Encrypted credentials
api_token, gateway_secret, ssh_password, and ssh_key are all stored in EncryptedCharField / EncryptedTextField (Fernet) on the ManagedServer model. They are never returned by the API. The has_ssh_credentials boolean is the only credential-derived field in the public serializer.
Audit trail
Every meaningful state change is recorded through log_event(...) with a stable action code and a metadata payload. The AuditLog table is hash-chained and protected by BEFORE UPDATE OR DELETE triggers so audit records cannot be silently tampered with.
Troubleshooting
"Server 'X' is currently OFFLINE. Transfers are only allowed to ONLINE nodes."
The connected server is registered but the health probe has not received a non-5xx response recently. Run POST /servers/{id}/health_check/ and watch for which candidate URL succeeds. The most common causes are a wrong public IP, a firewall blocking port 8090, or the WireGuard mesh not yet converged.
Mesh deploy fails with "WireGuard kernel module is not loaded on the host VPS"
The remote kernel does not have the wireguard module. SSH into the host, run sudo modprobe wireguard, and re-queue the mesh deploy. On hosts without DKMS, the module is provided by the kernel itself on most Ubuntu LTS images; on custom kernels, install wireguard-dkms and reboot.
Token auto-exchange fails with 401 / 403
The remote rejected the bootstrap. Verify that gateway_secret on the source matches GATEWAY_SECRET on the target. If the remote uses credential exchange, ensure ALLOW_REMOTE_PASSWORD_EXCHANGE=1 on the target and that the SSH password is the admin password.

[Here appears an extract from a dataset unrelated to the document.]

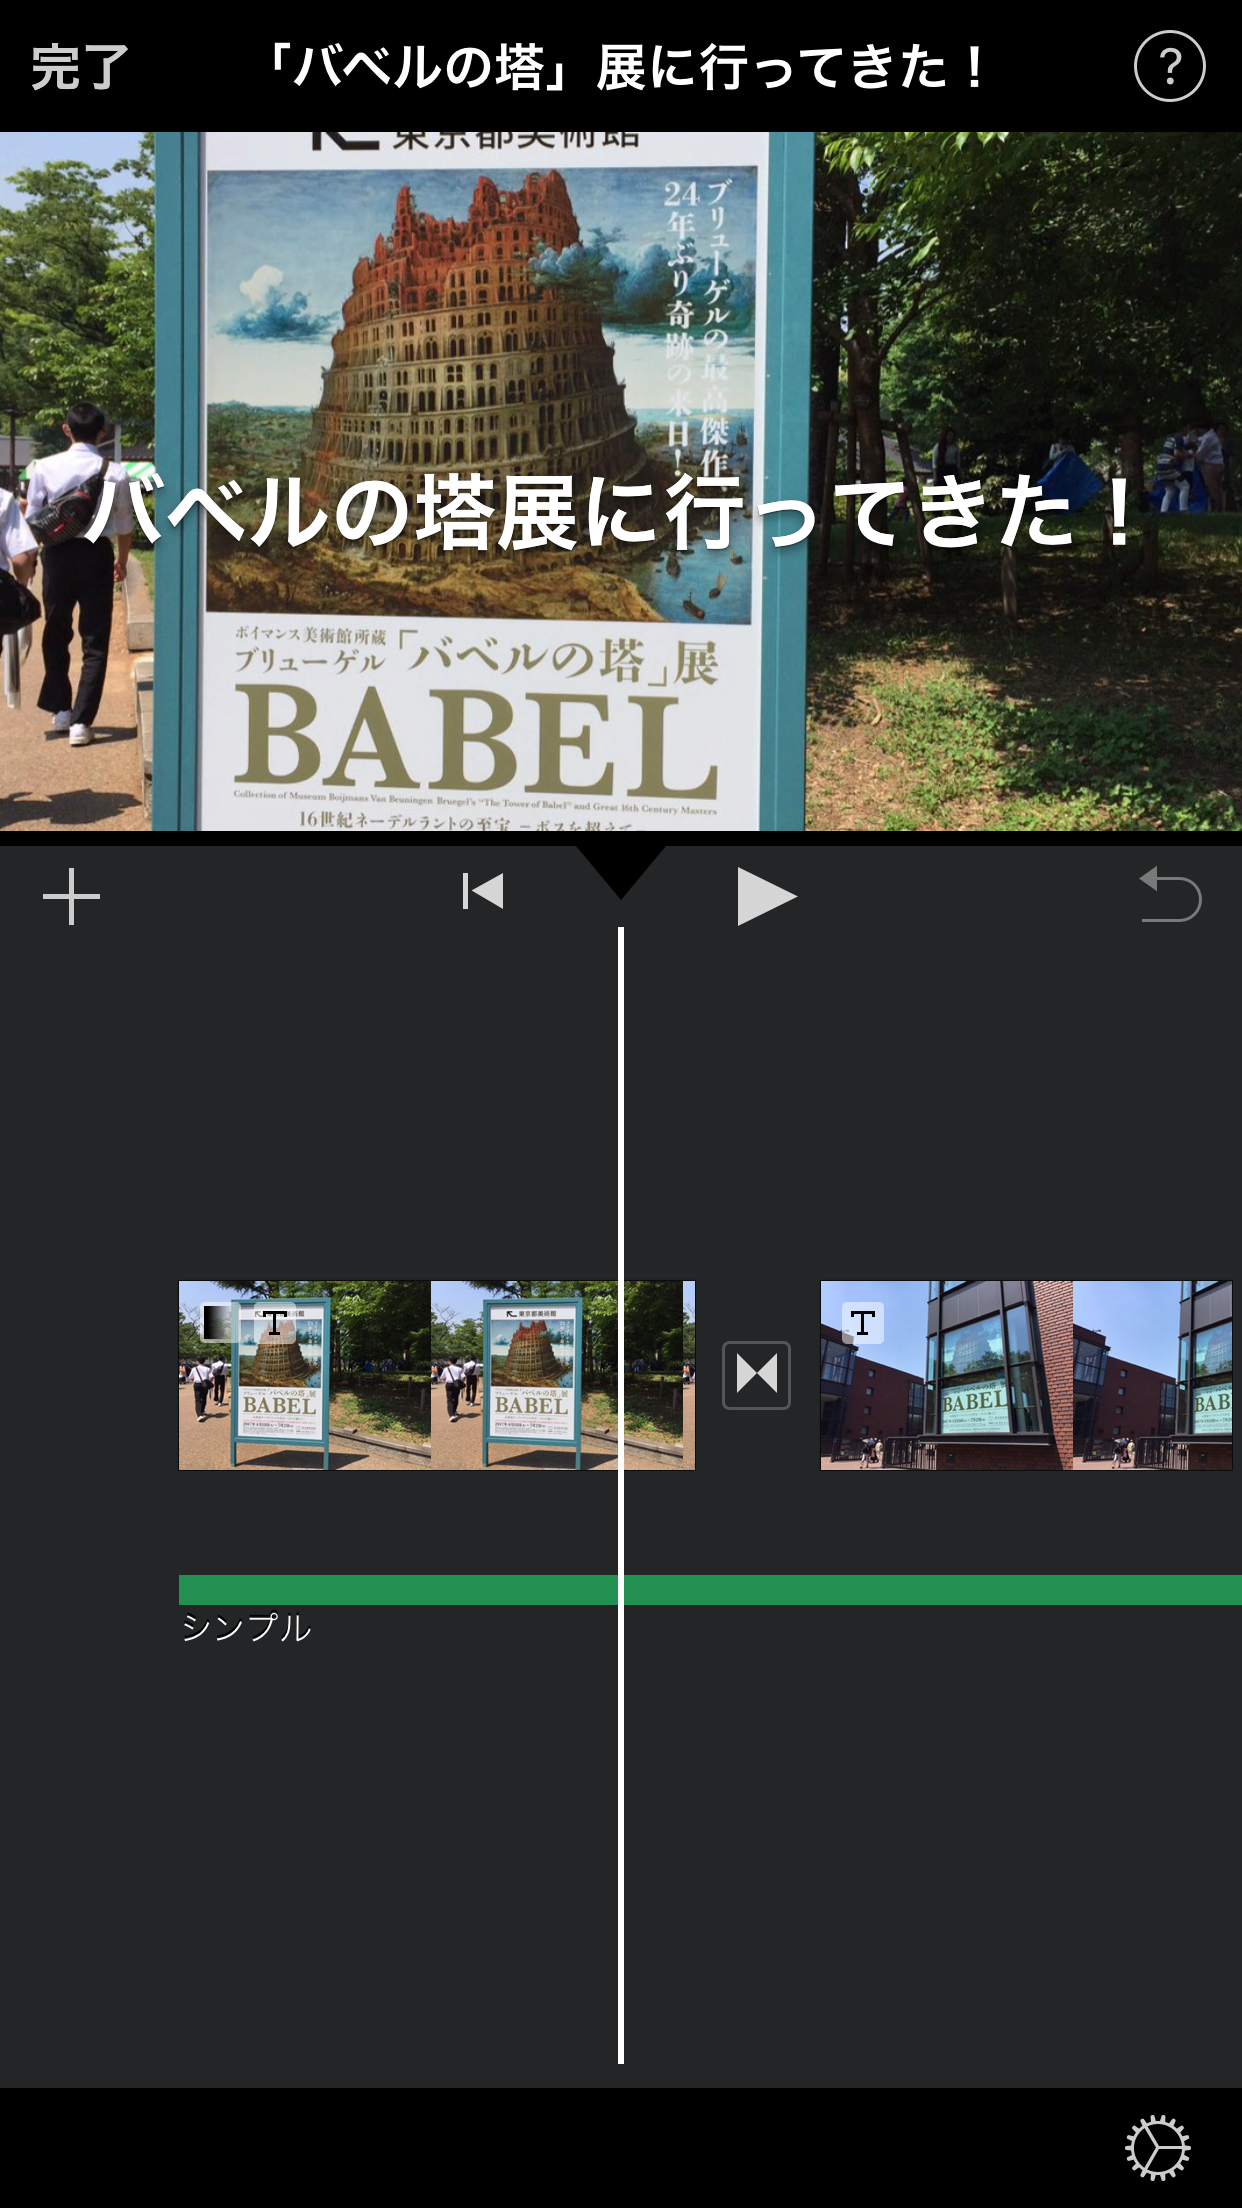 iMovieに写真や動画を追加していく。

"Provisioning FAILED — INSTALLATION FAILED"
The remote installer exited non-zero. Open provision_logs for the full stdout. Common causes: an unsupported Linux distribution, no Docker installable, no apt-get or yum present, or insufficient RAM. Re-run with retry-provision after fixing the underlying issue — the script is idempotent.
Self-heal never converges
MAX_HEAL_ATTEMPTS=5 triggers after the fifth attempt. The orchestrator returns next_action=ESCALATE_TO_AI. If the platform intelligence is configured, the AI Senate analyzes the diagnostic context and proposes commands. Otherwise the heal log is the only artifact — open it from the heal endpoint and address the root cause manually.
A remote node is "ONLINE" but the proxy returns remote_unreachable
The health probe found a working base URL, but the proxy candidate-URL rotation tried a different URL and the remote is no longer answering. The proxy falls through the candidate list with multiple auth modes (token, then HMAC, then none) and surfaces remote_unreachable=true with the upstream error. Usually transient — re-run the call.
Domain aggregation truncates at 50 pages
The full-follower implementation paginates through /api/v1/services/ with a hard cap of 50 pages. A node with more than 50 pages of services (≥500 services at the default page size) will not have all of its domains listed. Use the per-service /services/ endpoint for exhaustive listings, or the master DB directly for Lite Agents.